Shure is credited with several industry firsts. In 1948, the company introduced the 900MG, the first phonograph cartridge capable of playing both long-playing and 78 rpm records, and in 1954, Shure's M12 Dynetic Phono Reproducer tonearm and cartridge set established an industry standard with a tracking force of only one gram. The M1 Studio Dynetic Cartridge introduced the principle of a moving magnet within a stationary coil, an engineering concept that dominated cartridge design for nearly 25 years due to its higher output, lower noise, and greater headroom. The Shure M3D, introduced in 1958, was the first ever stereo moving magnet cartridge, with 20 dB of stereo separation at 20 kHz.

Shure has also designed and manufactured cartridges specifically for disc jockeys. Their M35X and Whitelabel cartridges are designed for nightclubs. The M44-7, however, is designed for scratching, which involves playing a vinyl record forward and backward rhythmically. The M44-7 cartridge is renowned for its tracking and skip resistance, which has made it a popular choice of turntablists such as The Invisibl Skratch Piklz.

Shure's flagship V15 phonograph cartridge series, with the model name referring to their 15-degree tracking angle, was established for decades as the premier cartridge for low tracking force and high tracking ability.

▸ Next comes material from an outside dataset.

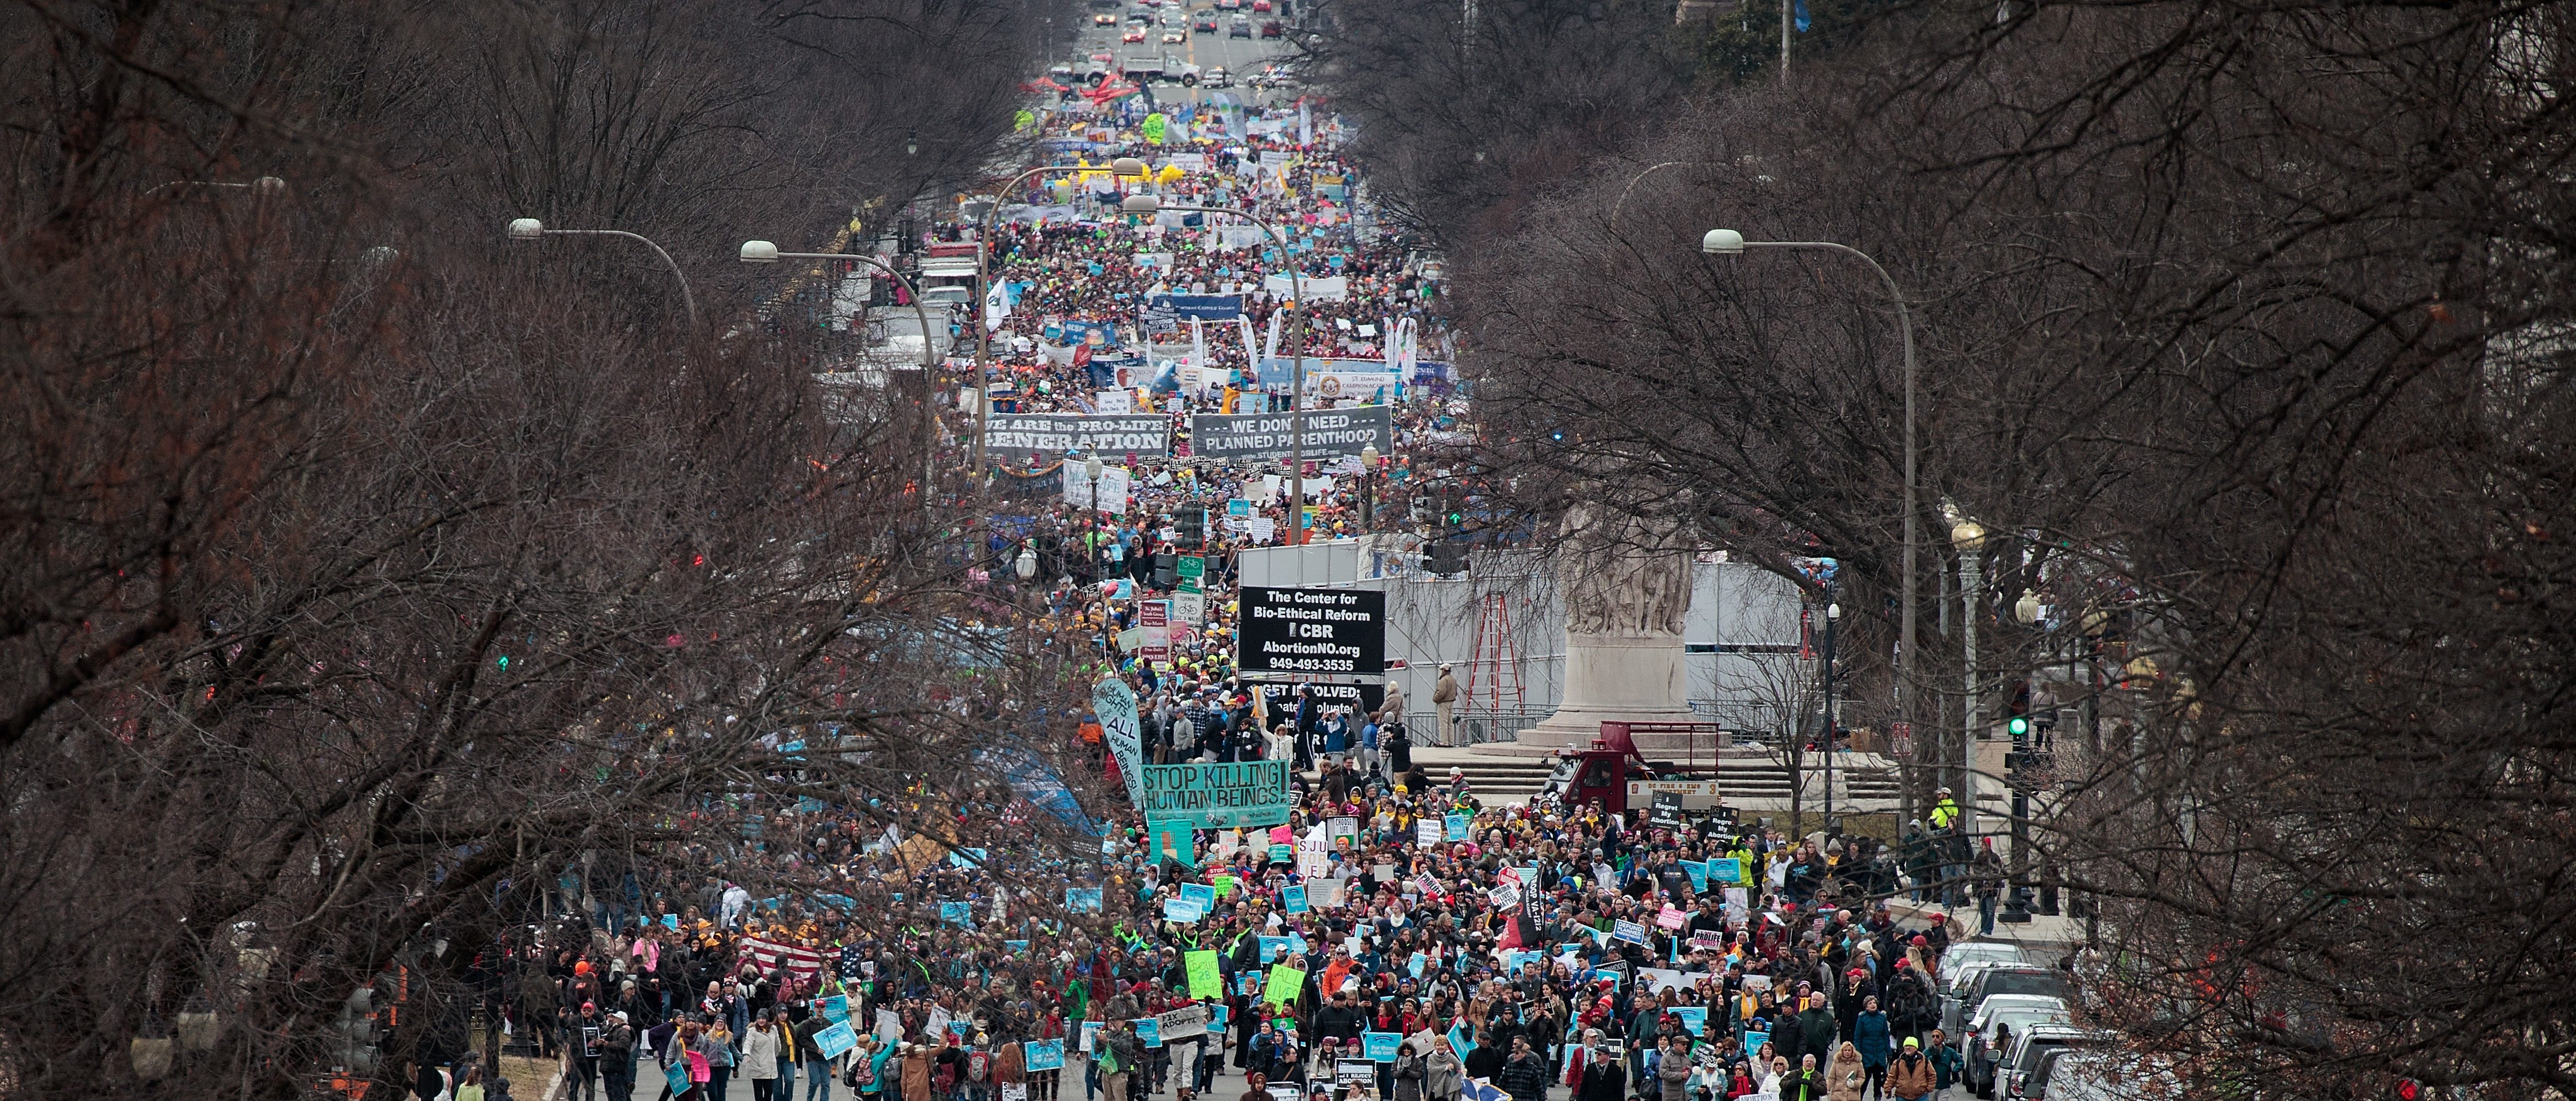 WASHINGTON, DC - JANUARY 27: Thousands of people march on Constitution Avenue during the March for Life, January 27, 2017 in Washington, DC. This year marks the 44th anniversary of the landmark Roe v. Wade Supreme Court case, which established a woman's constitutional right to an abortion. (Photo by Drew Angerer/Getty Images)

The V-15 series also included several industry firsts: the original V-15 model (introduced in 1964) was the first to feature "trackability", and utilized a symmetrical, bi-radial elliptical stylus. The V-15 Type II (introduced in 1966) was the first computer-designed phono cartridge and the first to feature a flip-action built-in stylus guard. The V-15 Type IV (introduced in 1978) was the first to feature the dynamic stabilizer, which discharged static electricity from the groove and stabilized the cartridge for playback of warped records. The V-15 Type V marked the introduction of a proprietary "ultra-thin wall beryllium" stylus shank with a stiffness-to-mass ratio several times that of other cartridges on the market. In 1998, Sony Music Entertainment selected the Shure V15VxMR to transcribe 80 years of Columbia Records and Sony Music masters and recordings. In 2008, the British Gramophone magazine awarded the V-15 an "Audio Choice" designation for outstanding performance and value. Due to the scarcity of the raw materials required to manufacture V-15 cartridges, Shure discontinued the series in 2004, and in June 2009, the last remaining V-15 stock was purchased by the Library of Congress. On May 1, 2018, Shure publicly announced that they would be ceasing production of all phono products, effective Summer 2018.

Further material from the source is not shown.